Mi idea es cambiar los capacitores, pero tendría que hacerlo a todos y son unos cuantos.
Cualquier cosa que se les ocurra que pueda revisar. Ya probé t*A*mb*IEN* cambiar la entradas del ampli y de mover todas las perillas botones, potes y conectores internos para descartar algo mecánico. Tengo conocimiento de electrónica y he reparados equipos de audio, pero la falla me resulta rara.
Saludos y Gracias.


----------



## EdgardoCas (Nov 27, 2014)

Empezá cambiando los capacitores de fuente, esos 2 grandes, de los que al de la derecha lo noto un poco "inflamadito".


----------



## DOSMETROS (Nov 27, 2014)

Fijate si conseguis el manual por aqui :

Sitios de esquematicos y manuales de servicio para descargar gratis 



Los capacitores son como las mujeres , así de afuerita no parecen embromados , cuec 

Deberías medirlos con capacímetro + capacheck o reemplazarlos directamente .

Saludos !


----------



## miguelus (Nov 28, 2014)

Buenos días girafandr.

Afortunadamente, y según comentas, uno de los canales funciona perfectamente, podrás utilizarlo para hacer comparativas

Por los que comentas el fallo afecta a la cálidad del sonido por lo que podemos deducir que seguramente es algún Condensador, que no está muy bien de salud, y por el tiempo que tiene el Amplificador (30 años) seguramente el causante del fallo es algun Condensador Electrolítico.

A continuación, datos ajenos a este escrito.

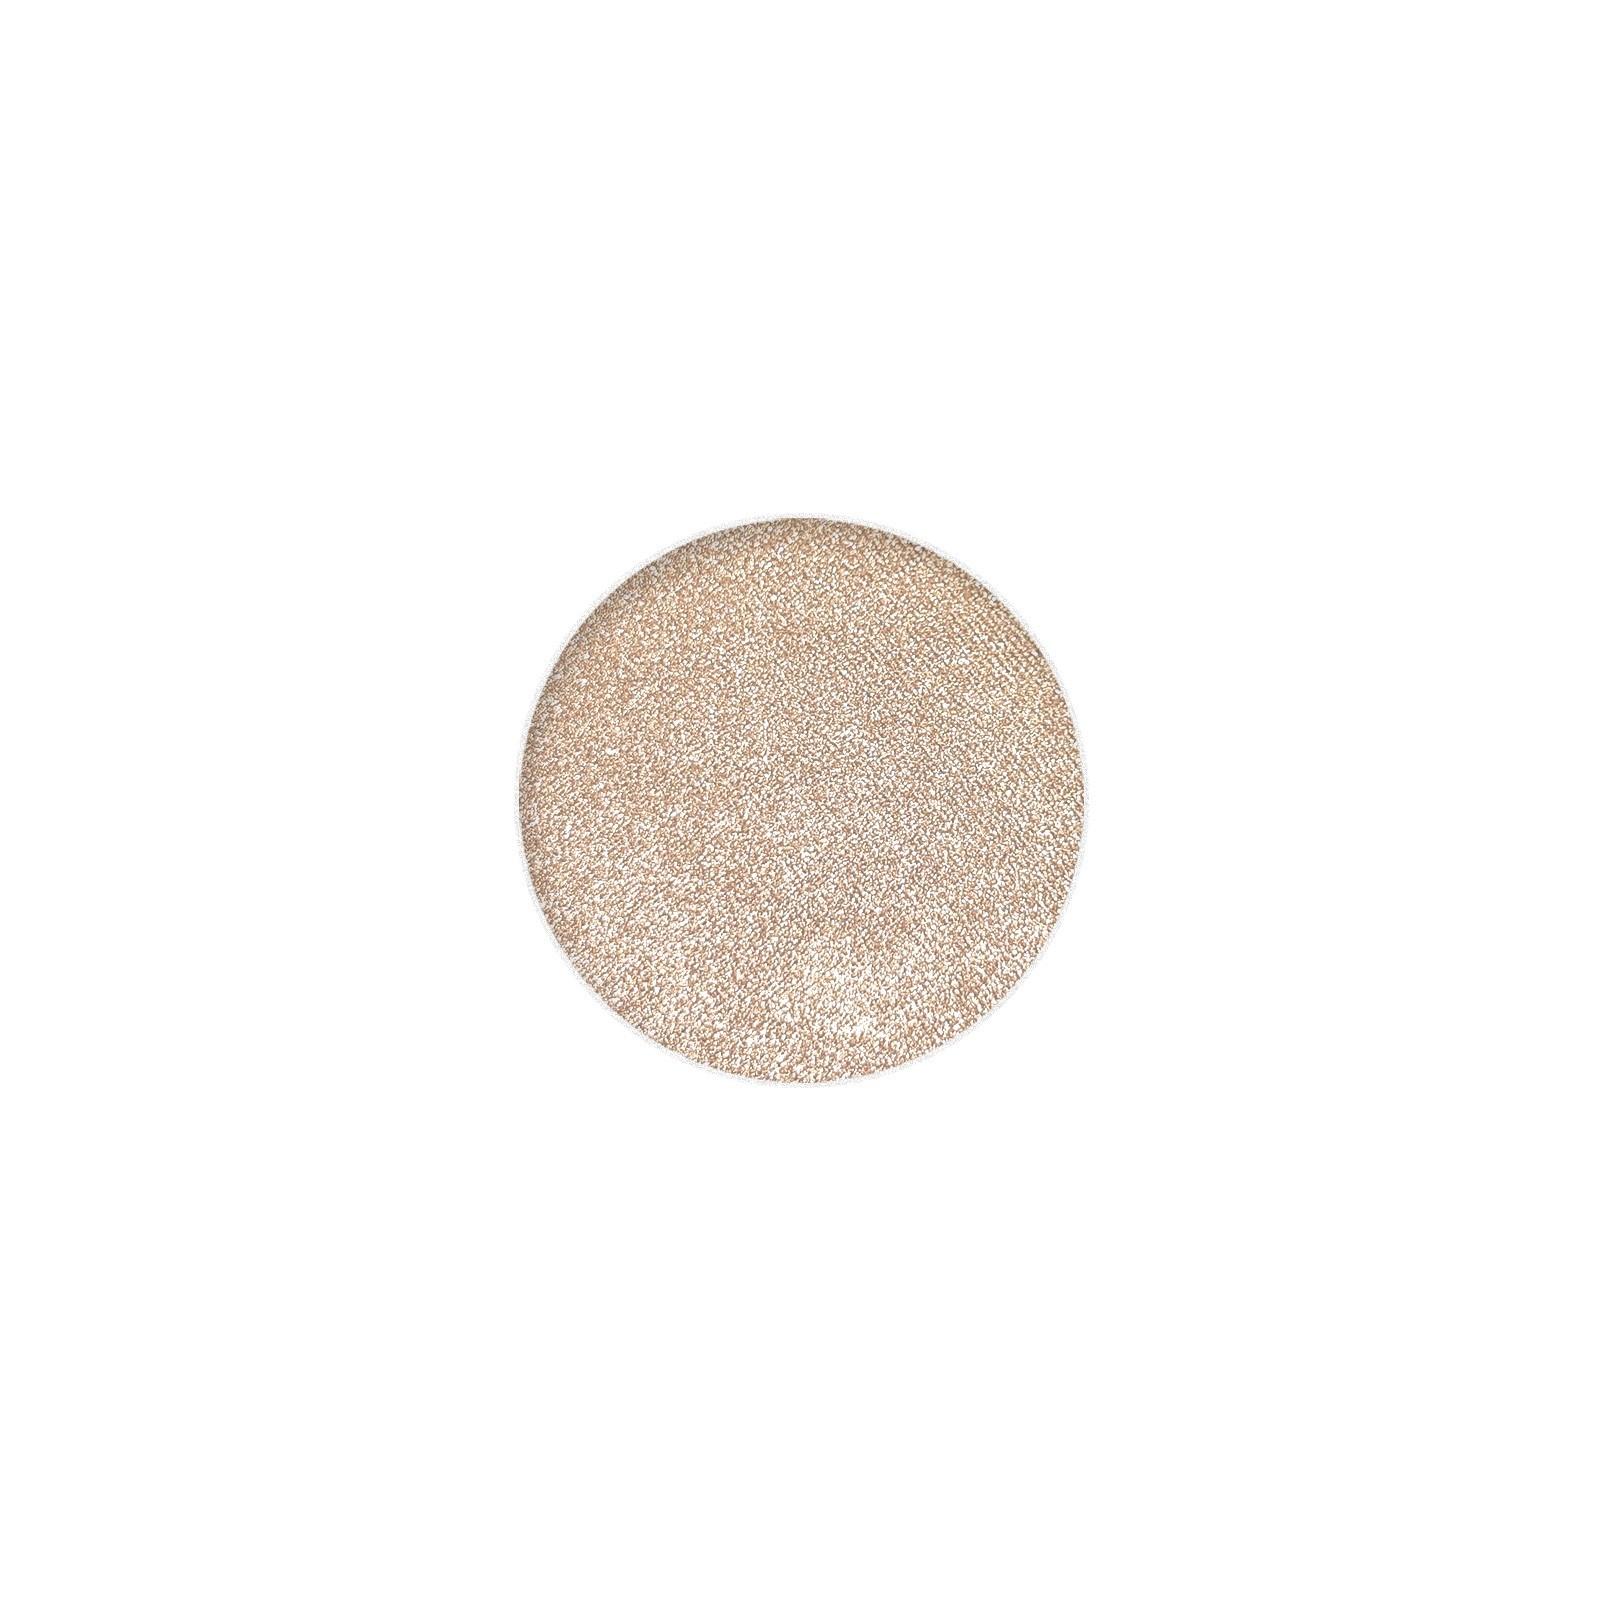 Sombra Mineral Unitária Refil 11

Podemos descartar los Electrolíticos de la Fuente de Alimentación ya que son comunes a los dos canales y el fallo afecta solamente a un canal.

Revisa visualmente todos los Condensadores Electrolíticos del canal dañado, no dudes en cambiar todos los sospechosos.

Mide todas las tensiones (comparándolas con el canal bueno)

Si te quieres divertir y si tienes tiempo, dedícate a cambiar todos los Electrolíticos, no son muchos, y el Amplificador te lo agradecerá   hay que tener en cuenta que el equipo tiene 30 años o más y esa renovación no le vendrá nada mal.

Los Amplificadores Technics eran bastantes buenos para esa época, hoy día tienen un buen uso como "Pisa Papeles".

Sal U2


----------



## girafandro (Dic 12, 2014)

Como para cerrar el tema, limpie bien las placas con un pincelito y desarme y arme todos los conectores,  arme el ampli y salio andando.
*S*eguramente seria un falso contacto, ahora tengo q*UE* revisar algo parecido q*UE* pasa con dos botones (el q*UE* desactiva el control de tono y el filtro subsonico), alguno de los dos al tocarlos hacen q*UE* el volumen se suba y distorsione mucho, sospecho q*UE* es el del q*UE* desactiva el control de tono por q*UE* este esta como parte de la realimentacion del circuito.
*Y*a tengo limpia contactos asi que dentro de poco se vendrá limpieza. 
Mas alla de las fallas de los años es un lindo ampli, se le puede dar rosca sin problema, dispone de protección a la salida de los parlantes, por lo que vi en los esquematicos bastante sencillo de reparar y en invierno lo uso como estufa..(lo que calienta el bicho sin ser exigido), con tapa superior quitada, el disipador anda en 62-65 °C y los TR en 70 °C con una temp ambiente de 25-30 °C.
*L*a versión que tengo es la del mercado de Japon (no tiene Vumetro y es 110V).
Saludos.


----------